Git upload (programmatic)

app/git_upload/service.py handles a special case: creating a temporary git remote that clients can git push to. This is used for programmatic or CI-driven workflows where you want to push code rather than specify a URL.

Archive safety

Archive extraction is a security boundary. A malicious user could craft an archive that: - Extracts files outside the intended directory (path traversal, e.g., ../../etc/passwd) - Contains millions of tiny files that exhaust disk space (zip bomb) - Has a huge uncompressed-to-compressed ratio (zip bomb variant)

app/storage/archive.py enforces these limits:

Setting Default What it prevents
VEGA_MAX_SOURCE_BYTES 2 GB Archives larger than this are rejected before extraction
VEGA_MAX_ARCHIVE_ENTRIES 50,000 Archives with too many files are rejected
VEGA_MAX_ARCHIVE_FILE_BYTES (per file) Individual files larger than this are rejected
VEGA_MAX_ARCHIVE_UNCOMPRESSED_BYTES 5 GB Total extracted size cap

Path traversal is detected and rejected before any file is written.

Snapshot storage

After ingest, the source is stored as an immutable snapshot:

Snapshots are stored in directories under data/snapshots/. The snapshot path is recorded in the repository record.

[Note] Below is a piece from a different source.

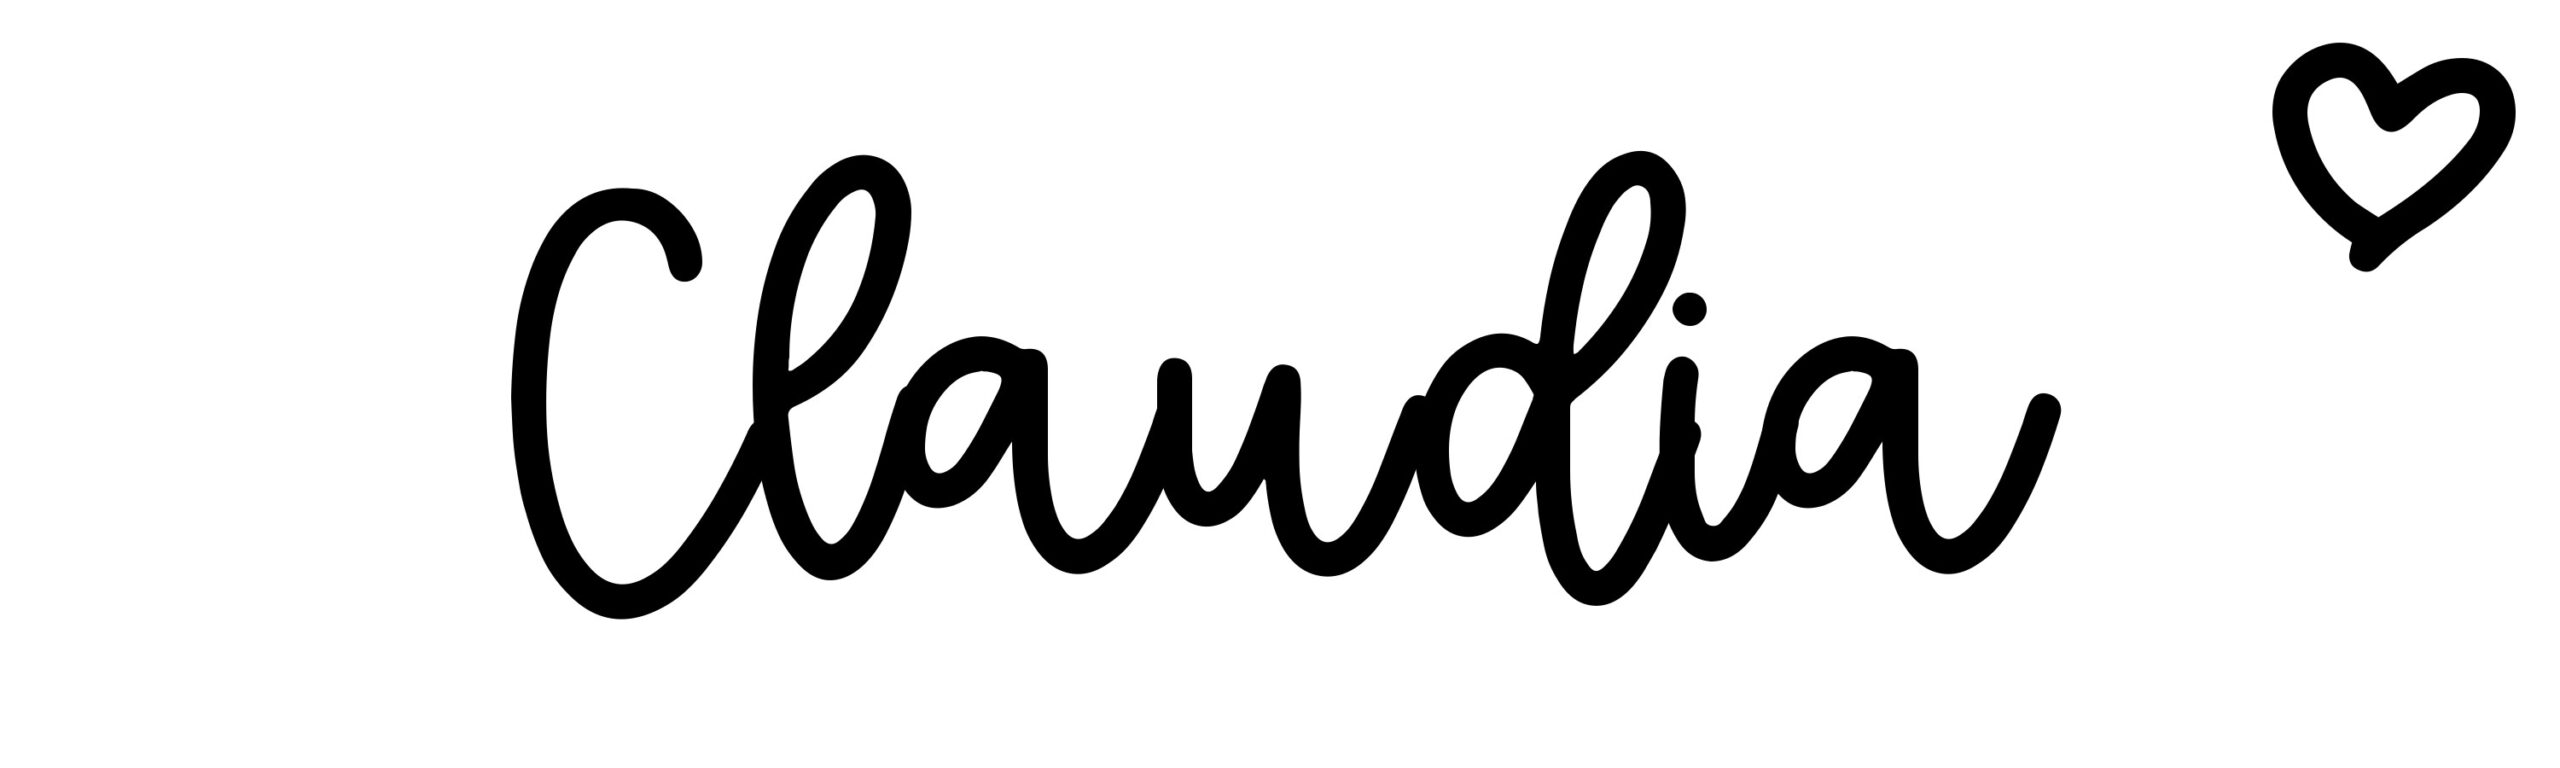 Claudia - Name meaning, origin, variations and more

Scans access source directly from this path.

Snapshots are uploaded as zip archives to the S3 source bucket. The S3 object key is stored in the repository record. Runner tasks download the snapshot from S3 before scanning.

The key backend settings:

# Local storage (default)
VEGA_FILE_STORAGE_BACKEND=local

# S3 storage (production)
VEGA_FILE_STORAGE_BACKEND=s3
VEGA_S3_SOURCE_BUCKET=vega-prod-source-abc123

Debugging ingest failures

Git clone failing: 1. Check that the URL is correct and accessible from the machine running the API. 2. For private repos, check whether git credentials are configured. 3. Check API logs for git error output.

Archive upload failing: 1. Check whether the upload exceeded any of the size limits above. 2. Look for path traversal errors in the API logs — if the archive contains ../ paths, it will be rejected. 3. Check that the data/uploads/ directory is writable (local) or the S3 bucket is accessible (production).

Snapshot upload to S3 failing: 1. Confirm VEGA_FILE_STORAGE_BACKEND=s3. 2. Confirm VEGA_S3_SOURCE_BUCKET is set to the correct bucket name. 3. Confirm the API task role has s3:PutObject on the bucket. 4. Check API logs for S3 client errors.